Published by the American Society of Agricultural and Biological Engineers, St. Joseph, Michigan www.asabe.org

Citation:  2010 Pittsburgh, Pennsylvania, June 20 - June 23, 2010  1008874.(doi:10.13031/2013.29745)
Authors:   Jessica L Schwartz, Irene D Darku, Tamara L Smith, Megan N Marshall, Tom L Richard
Keywords:   Biomass, biofuels, education, ethanol, fermentation.

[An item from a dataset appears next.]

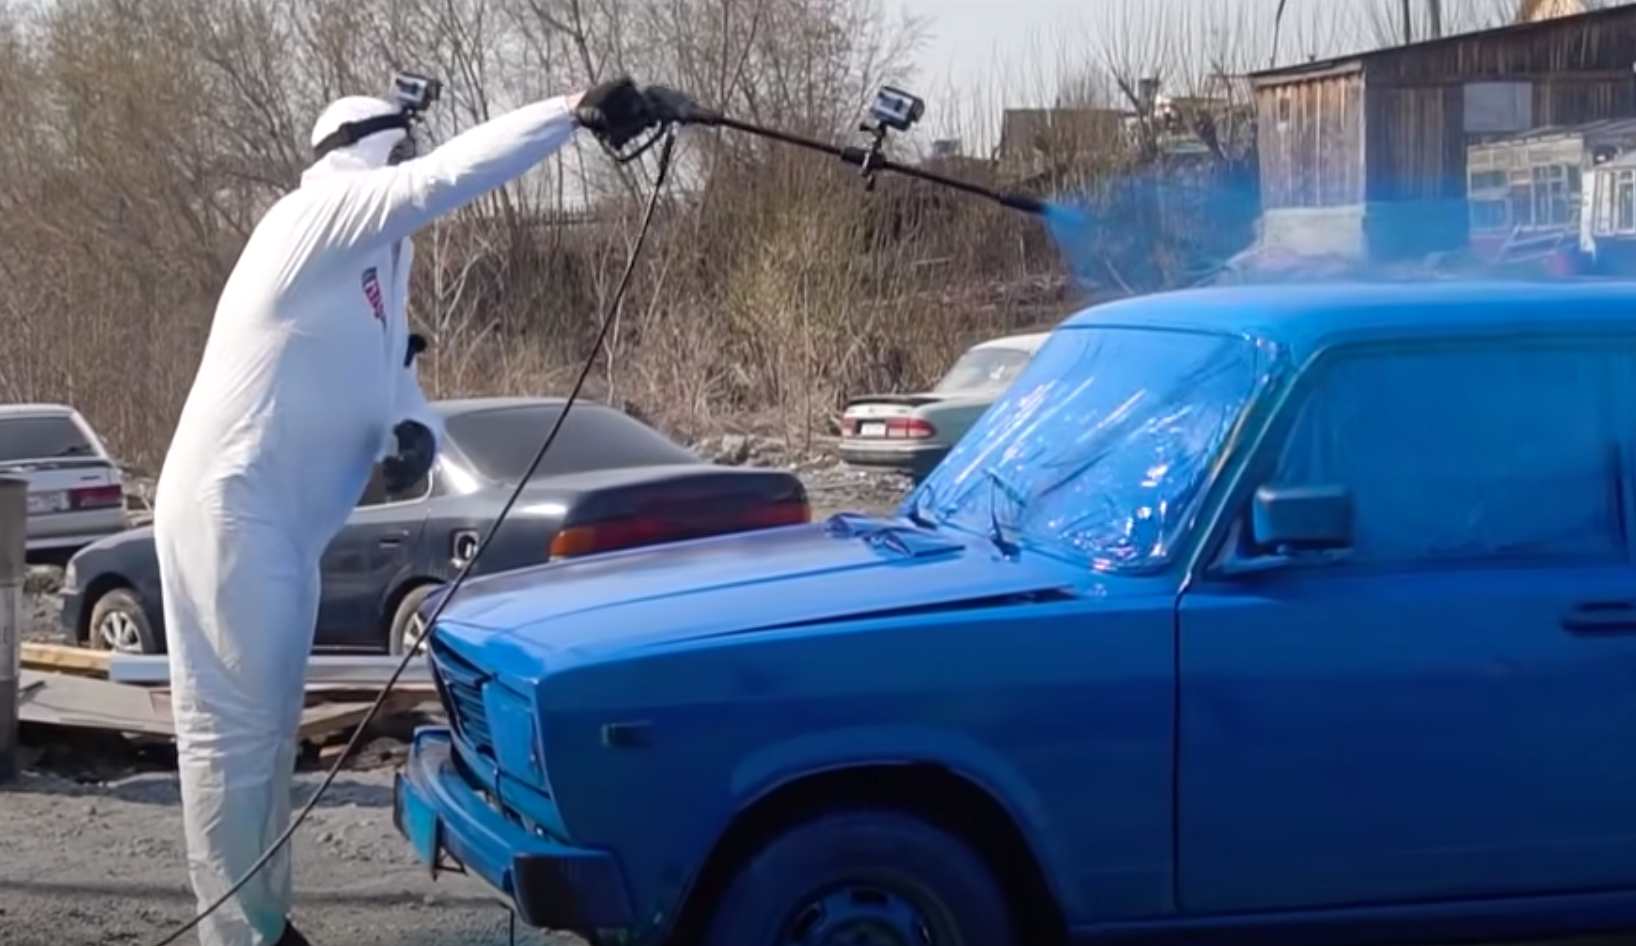 Man using pressure washer to paint Lada blue in open parking lot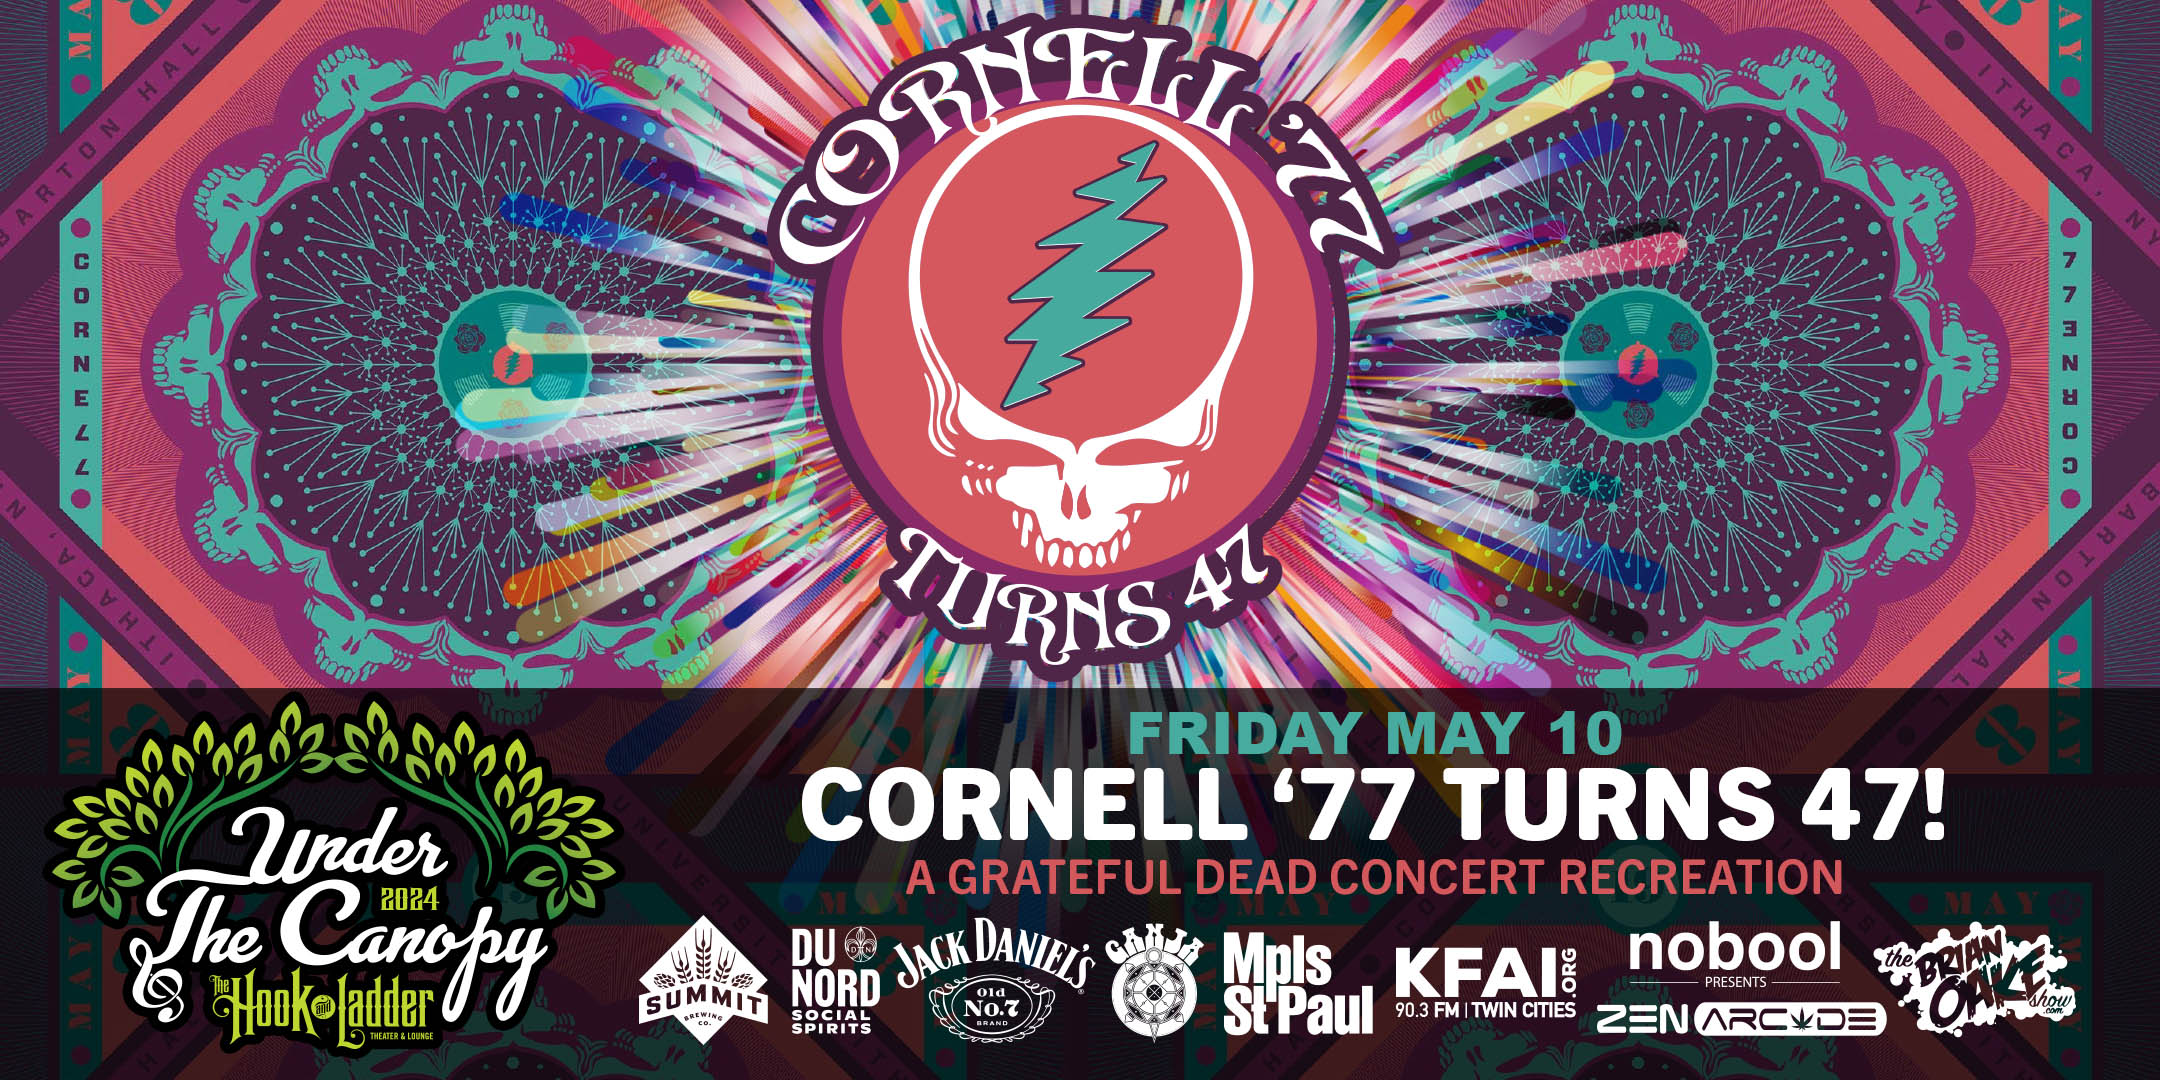 Cornell '77 Turns 47 ~ A Grateful Dead Concert Recreation! ~ Saturday, May 10 Under The Canopy at The Hook and Ladder Theater "An Urban Outdoor Summer Concert Series" Doors 6:00pm :: Music 7:00pm :: 21+ Reserved Seats: $40 GA: $20 ADV / $26 DOS

Many biomass materials can be converted into ethanol, with the conversion process varying based on the biological and structural complexity of the material. This process provides multiple opportunities to highlight important principles in biological engineering, with topical, compelling, and relevant exercises for science, technology, engineering and math (STEM) education. In 2009 we piloted a four-day workshop designed to provide hands-on lab experiences with ethanol production from biomass. The workshop was offered as part of a summer camp for high school girls, sponsored by the Penn State Women in the Sciences and Engineering (WISE) Institute. The participants were divided into three groups, each group performing their own experiments with five different materials - sugarcane, paper, corn stover, poplar, and switchgrass. Workshop participants performed the following procedures: (1) hot water pretreatment to alter biomass structure and increase enzyme accessibility, (2) enzymatic hydrolysis to release sugars from cellulose, (3) fermentation to convert sugars to ethanol, and (4) distillation to recover ethanol from the fermentation broth. Ethanol concentrations in the fermentation broth ranged from 8 to 24 g/L, according to sugarcane > switchgrass > paper = stover > poplar. Although the workshop was performed in a laboratory with specialized instruments dedicated to bioenergy research, the workshop could also be conducted in a typical chemistry laboratory with access to an autoclave and distillation column. A workbook was created to document the experimental procedures and to record data and perform calculations related to feedstock supply and ethanol yields. The workshop built on this technical foundation to include analysis of social, ethical, and ecological issues including environmental impacts, food security, and rural development.